▶ _Input for this task_:
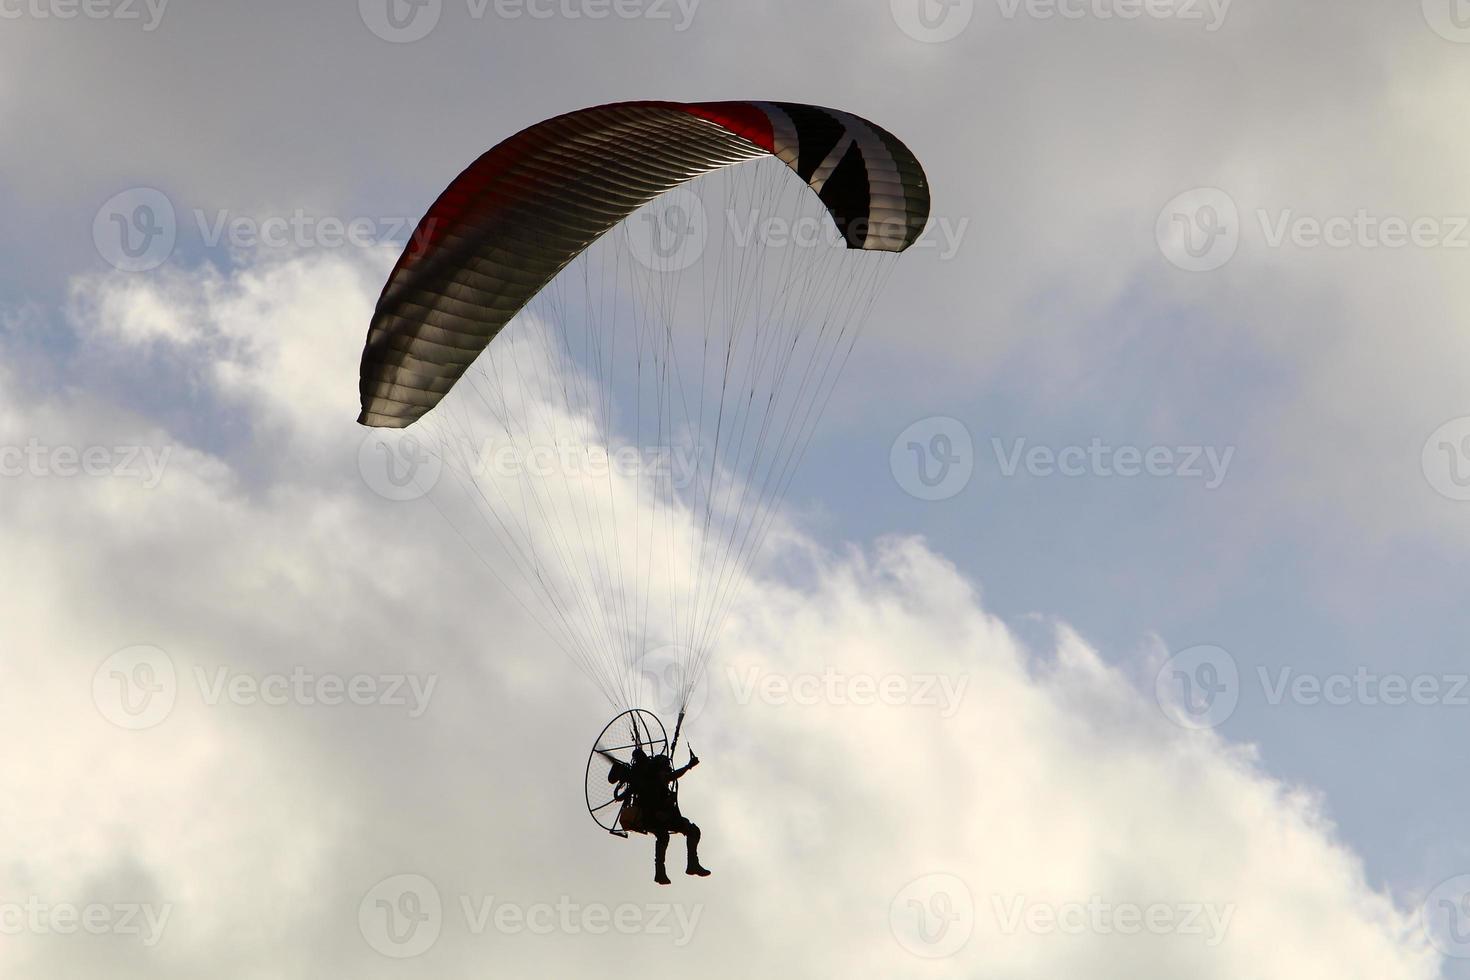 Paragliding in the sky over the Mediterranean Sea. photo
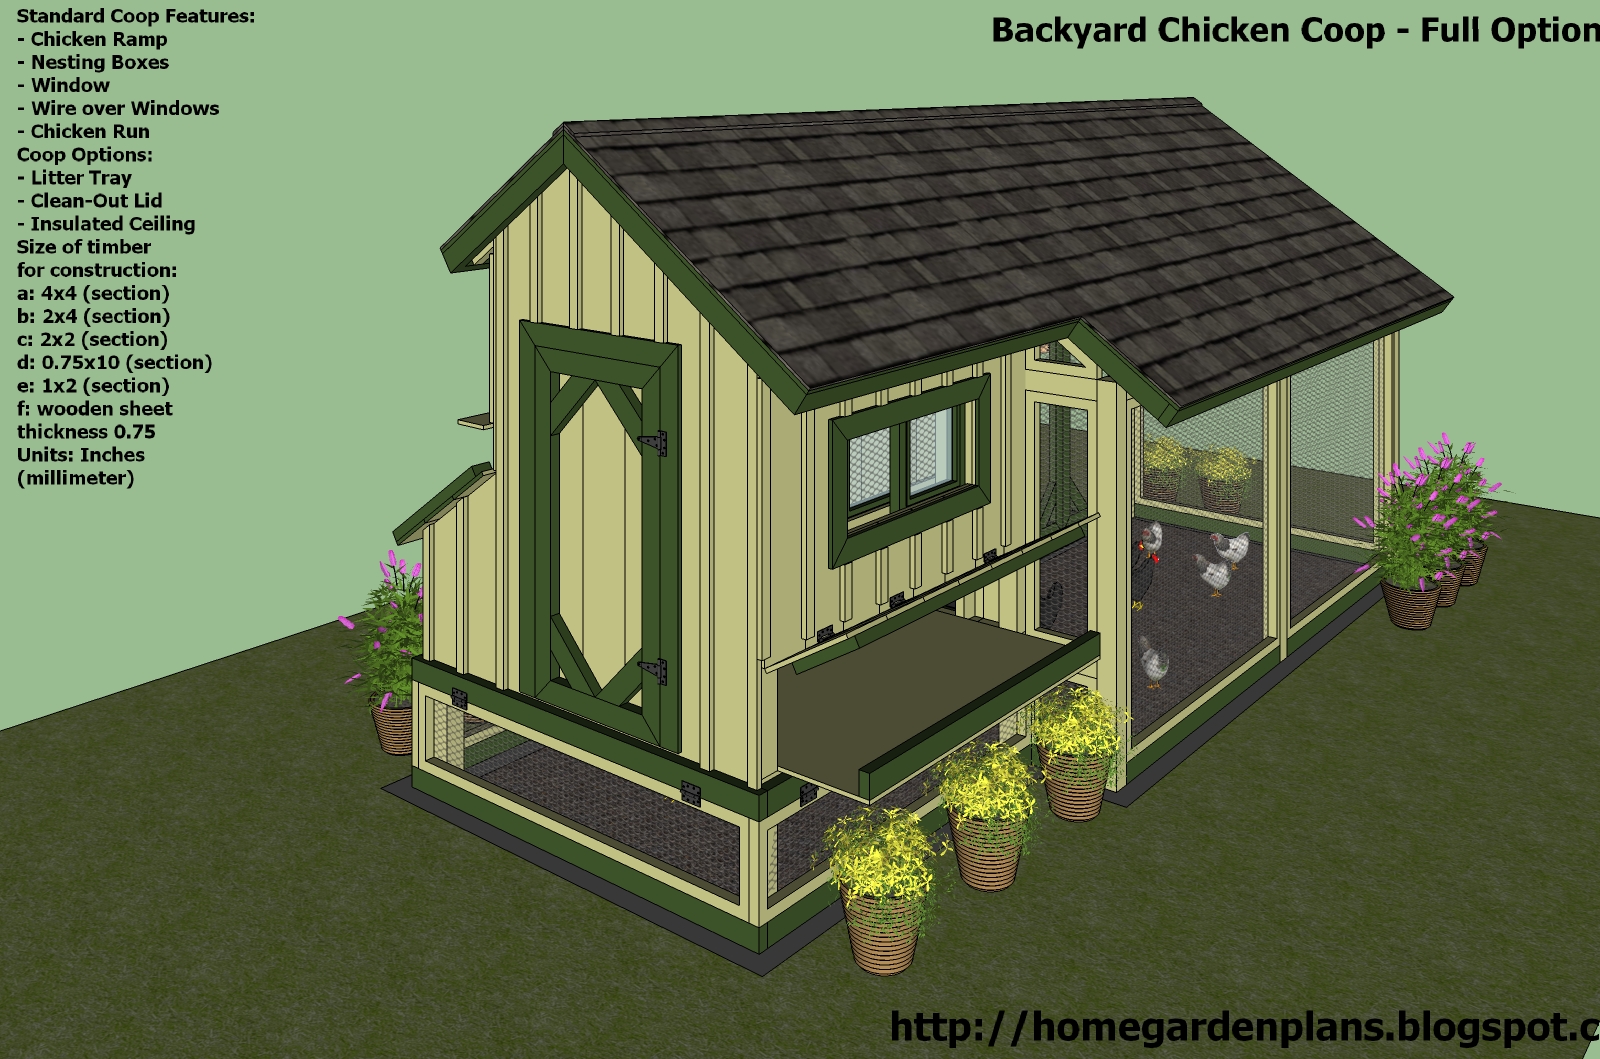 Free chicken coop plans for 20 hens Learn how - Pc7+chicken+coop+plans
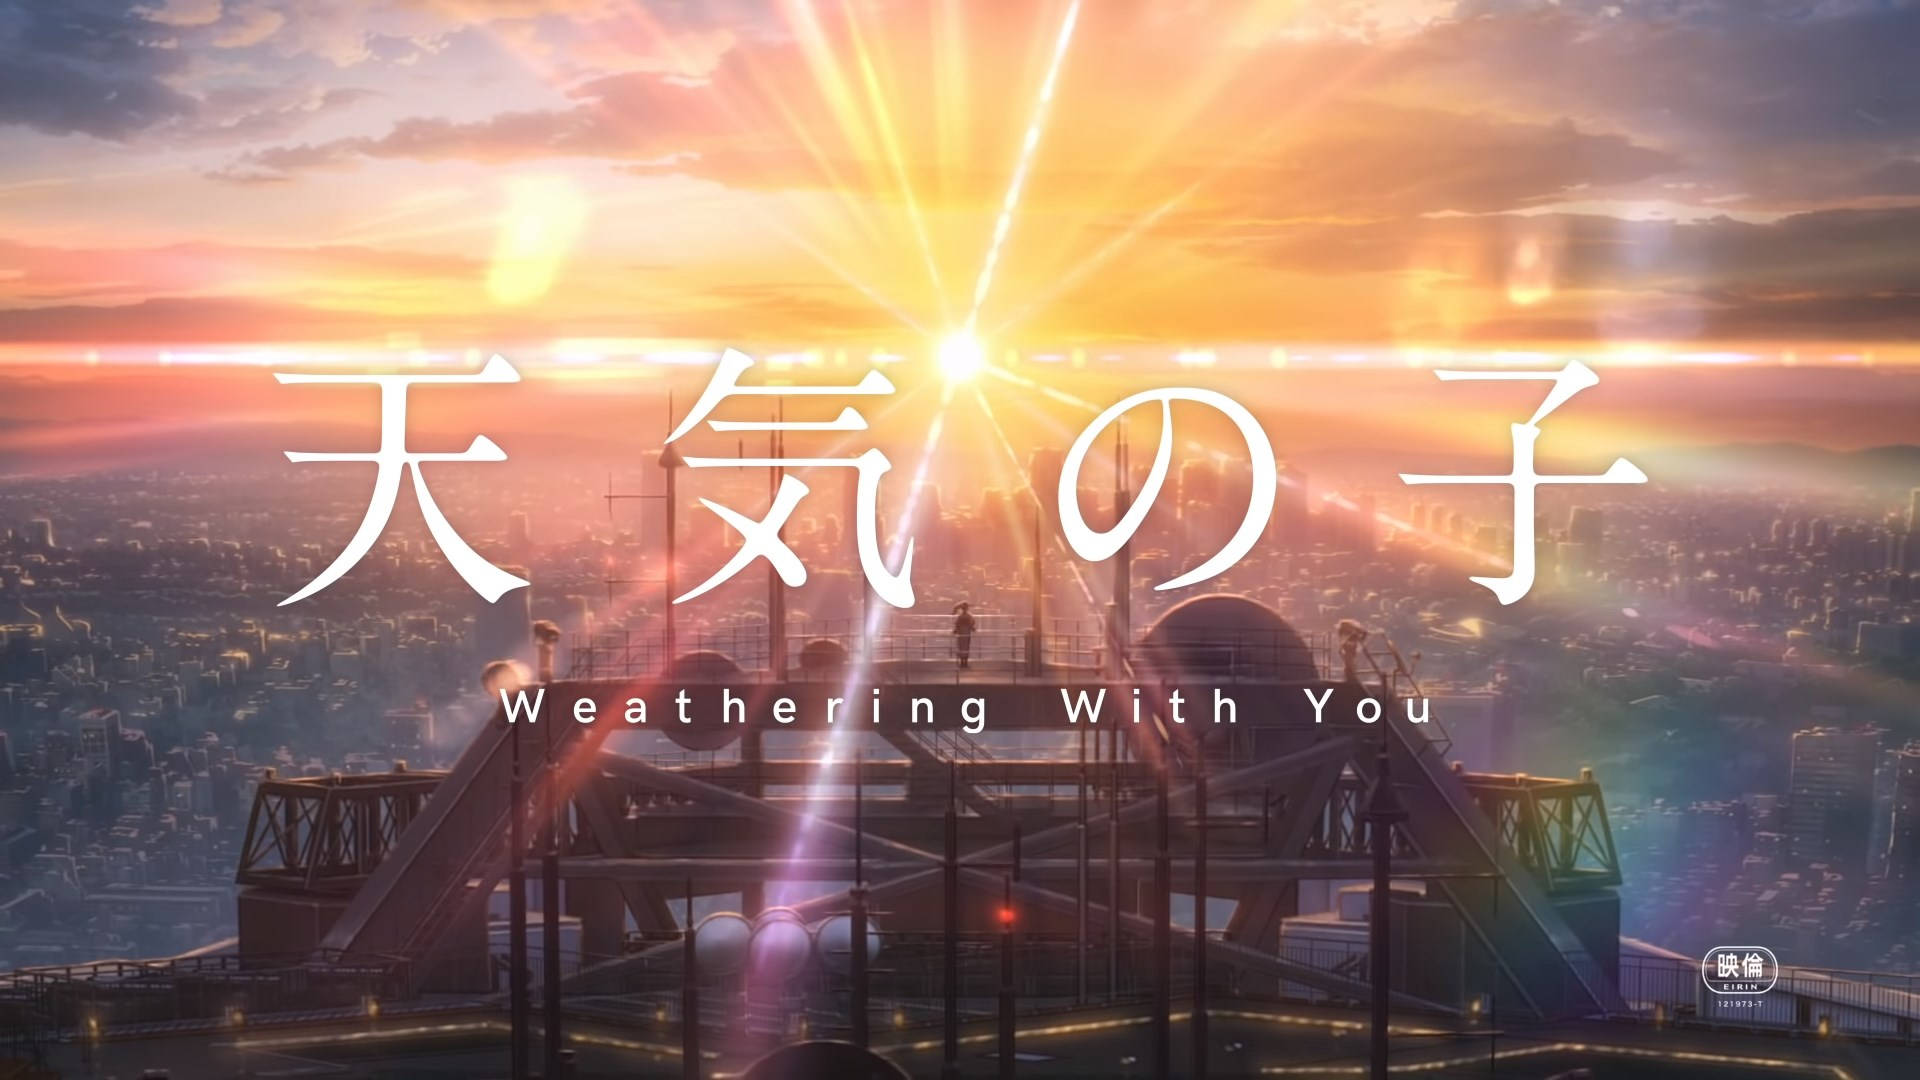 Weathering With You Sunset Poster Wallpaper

--

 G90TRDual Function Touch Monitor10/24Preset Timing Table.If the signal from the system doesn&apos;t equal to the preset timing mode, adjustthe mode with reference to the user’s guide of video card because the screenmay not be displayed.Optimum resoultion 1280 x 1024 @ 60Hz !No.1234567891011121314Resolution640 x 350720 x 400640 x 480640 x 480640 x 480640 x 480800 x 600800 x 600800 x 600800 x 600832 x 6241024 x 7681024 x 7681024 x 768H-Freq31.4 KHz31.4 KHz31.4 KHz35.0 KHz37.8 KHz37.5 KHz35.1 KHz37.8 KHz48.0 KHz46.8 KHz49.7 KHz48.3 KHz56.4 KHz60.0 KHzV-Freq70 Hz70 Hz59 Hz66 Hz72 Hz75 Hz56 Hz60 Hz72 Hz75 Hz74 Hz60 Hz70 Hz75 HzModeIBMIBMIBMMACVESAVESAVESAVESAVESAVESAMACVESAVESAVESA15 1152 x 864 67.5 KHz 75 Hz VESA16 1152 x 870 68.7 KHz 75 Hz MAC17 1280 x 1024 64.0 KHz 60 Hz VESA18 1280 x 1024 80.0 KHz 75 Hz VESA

▶ _Aim of the task_:
Look above for the line containing "Paragliding in the", then write out every line from there down to the line containing "Weathering With You Sunset Poster Wallpaper", that line included, with no pictures.

▶ _Response to the task_:
 Paragliding in the sky over the Mediterranean Sea. photo
 Free chicken coop plans for 20 hens Learn how - Pc7+chicken+coop+plans
 Weathering With You Sunset Poster Wallpaper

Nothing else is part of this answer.